### Your goal
This task calls for the lines below starting at the one containing "How long does sea freight take?" and ending at the one containing "Custom Carved Wood", repeated exactly with both ends kept and pictures left out.

### Exercise material
______________________________
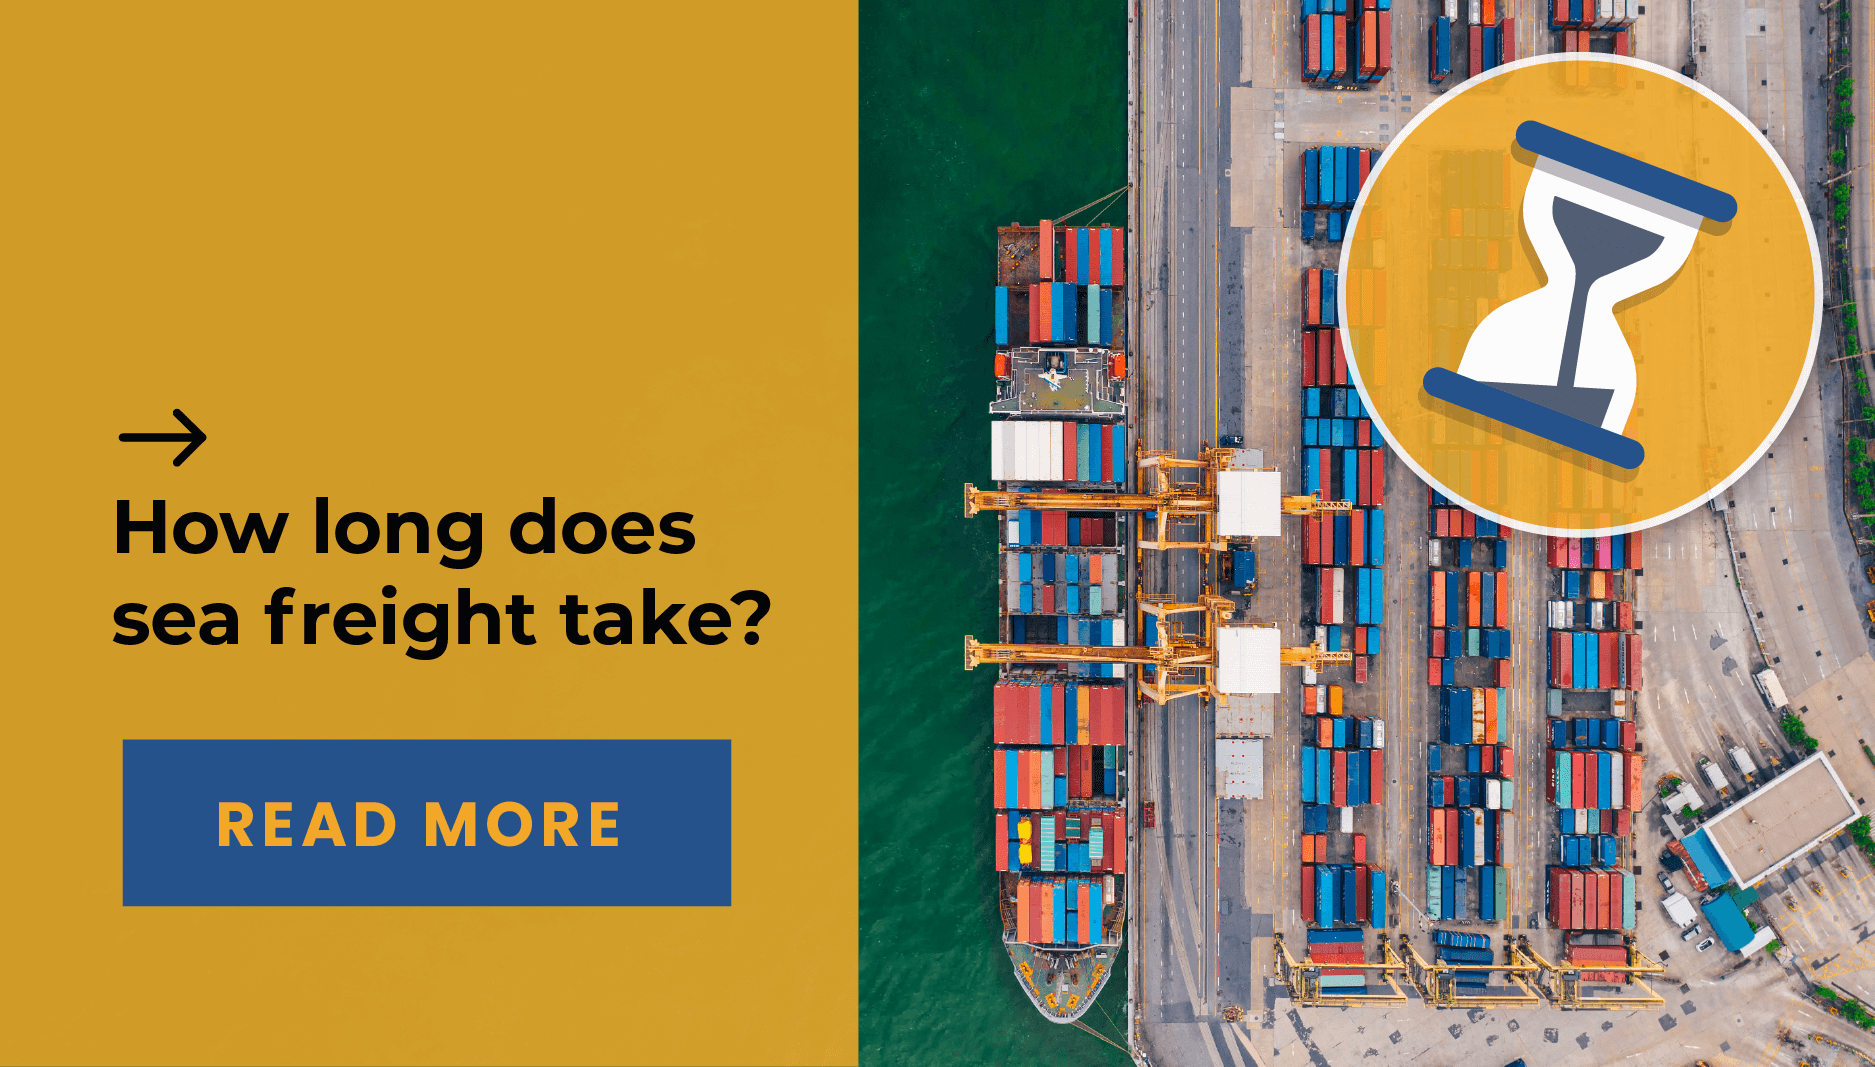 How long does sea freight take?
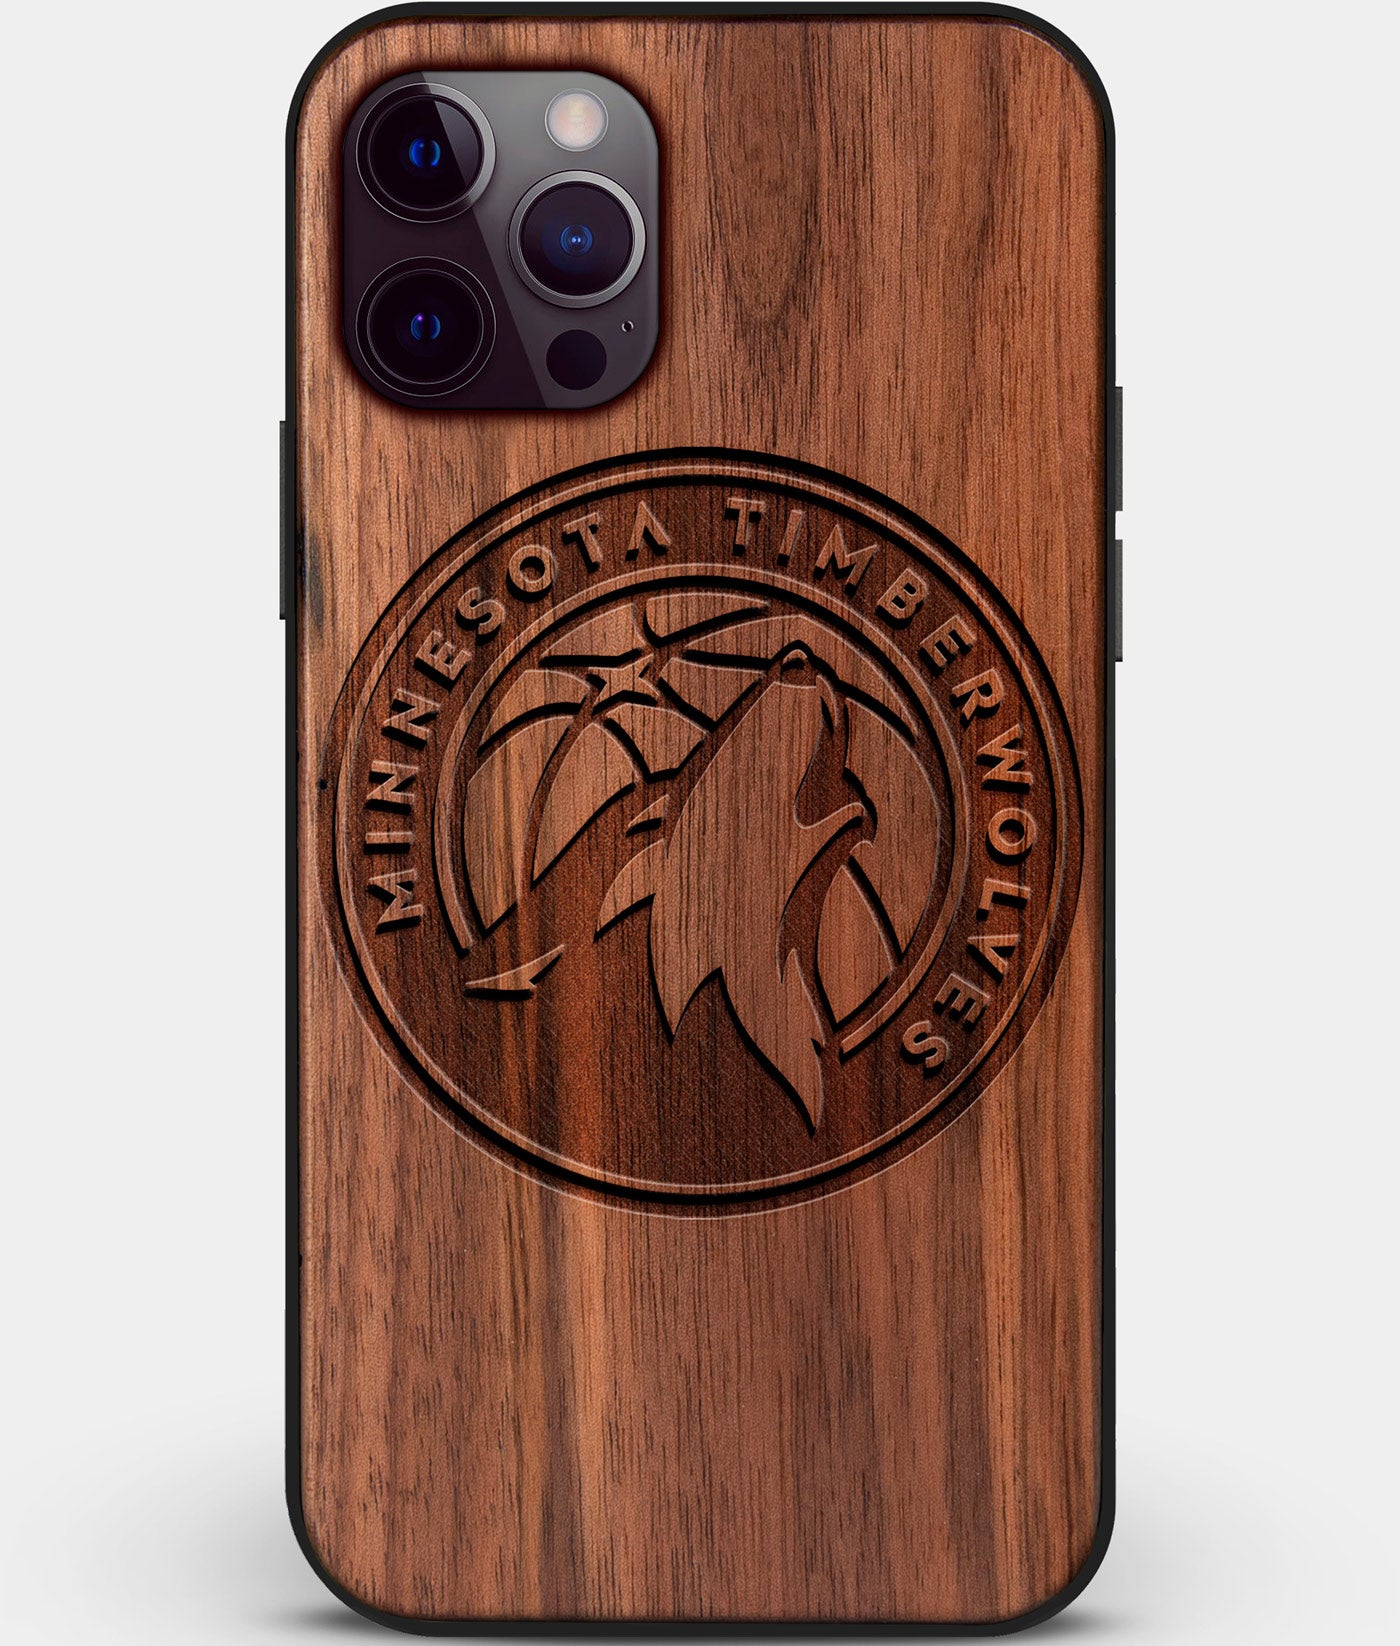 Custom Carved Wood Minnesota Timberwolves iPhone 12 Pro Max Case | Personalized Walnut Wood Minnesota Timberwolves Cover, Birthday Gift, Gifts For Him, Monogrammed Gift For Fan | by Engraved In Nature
______________________________
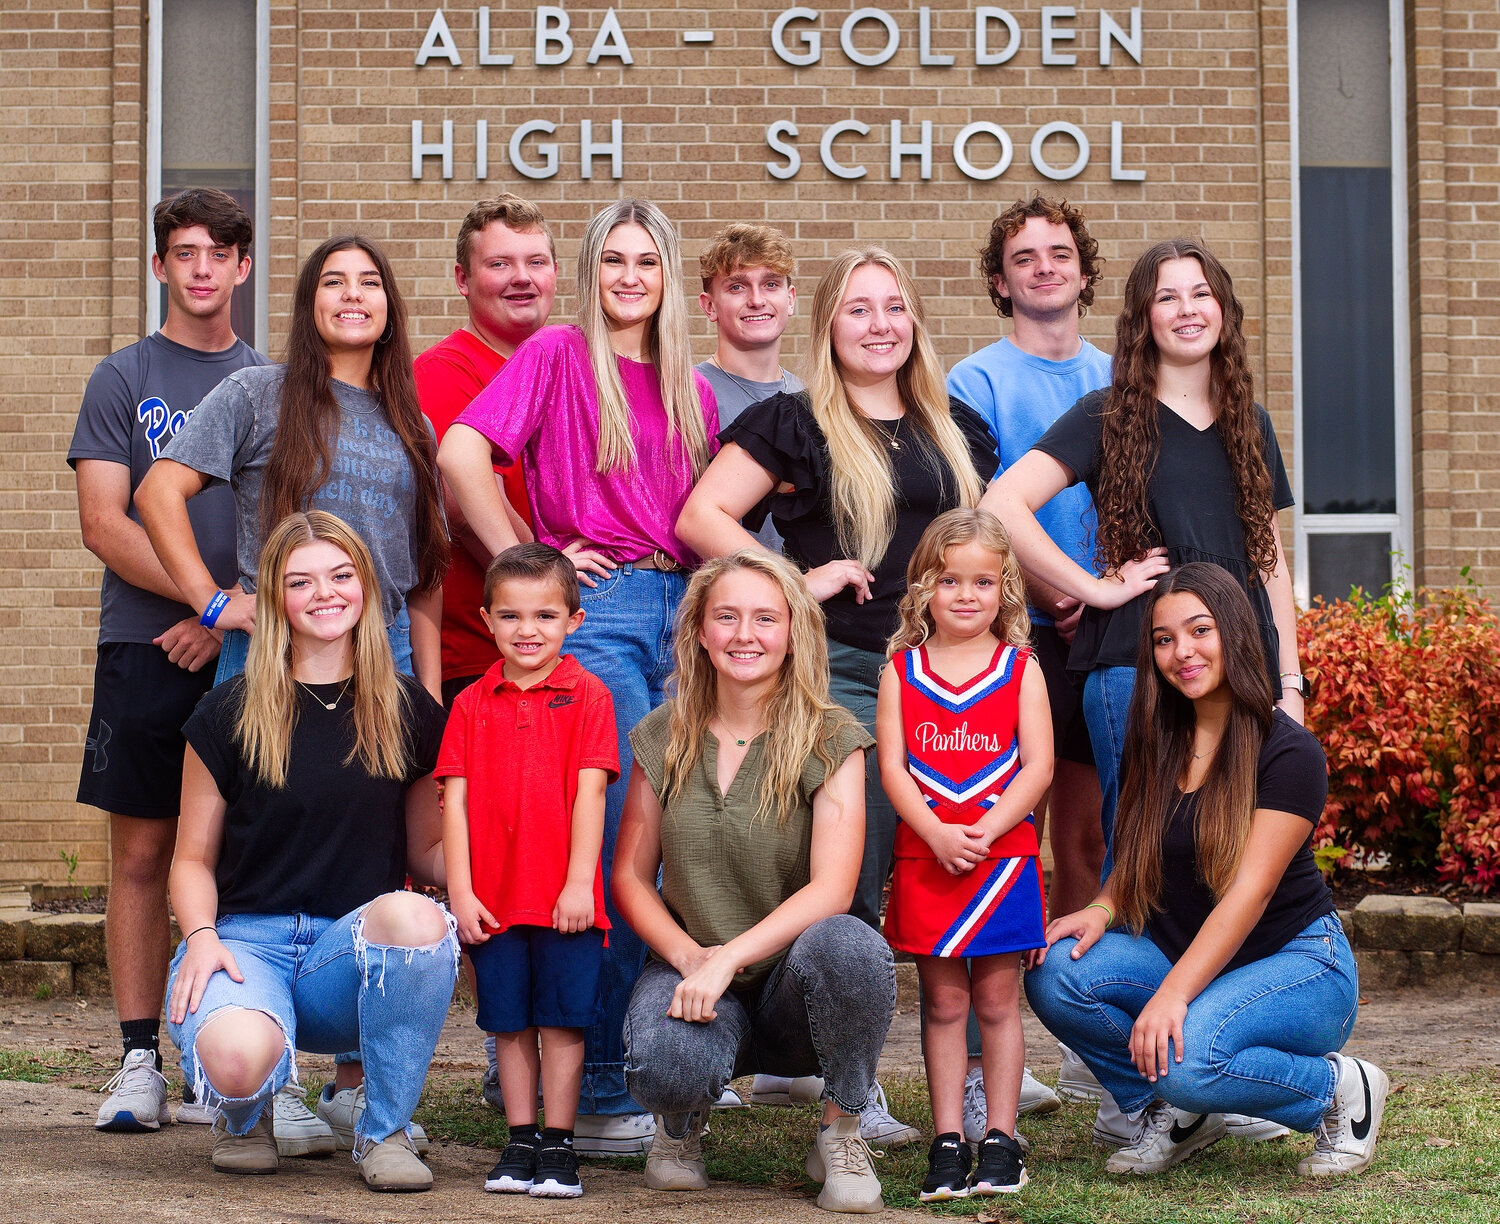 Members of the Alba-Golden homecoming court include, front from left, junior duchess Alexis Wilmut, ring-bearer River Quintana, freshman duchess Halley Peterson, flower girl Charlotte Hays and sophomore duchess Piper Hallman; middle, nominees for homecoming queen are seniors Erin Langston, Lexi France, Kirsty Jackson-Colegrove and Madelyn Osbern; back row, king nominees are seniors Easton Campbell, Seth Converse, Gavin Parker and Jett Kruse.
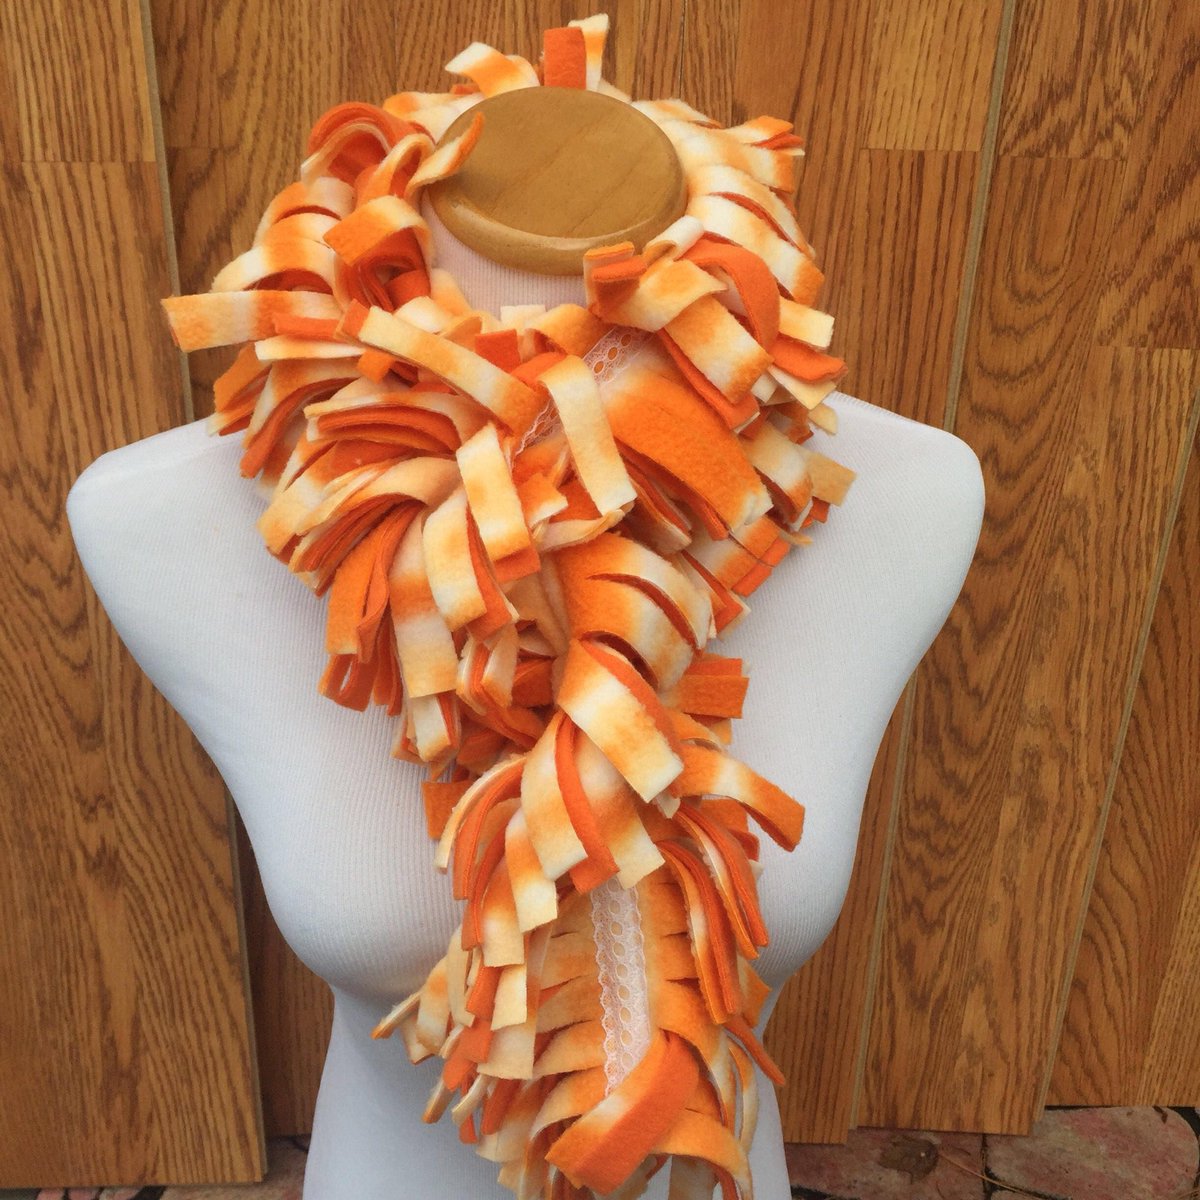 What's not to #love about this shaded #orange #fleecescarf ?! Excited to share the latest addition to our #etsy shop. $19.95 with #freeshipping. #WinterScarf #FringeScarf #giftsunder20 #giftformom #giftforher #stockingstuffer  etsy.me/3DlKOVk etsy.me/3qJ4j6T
______________________________
### Result of the exercise
 How long does sea freight take?
 Custom Carved Wood Minnesota Timberwolves iPhone 12 Pro Max Case | Personalized Walnut Wood Minnesota Timberwolves Cover, Birthday Gift, Gifts For Him, Monogrammed Gift For Fan | by Engraved In Nature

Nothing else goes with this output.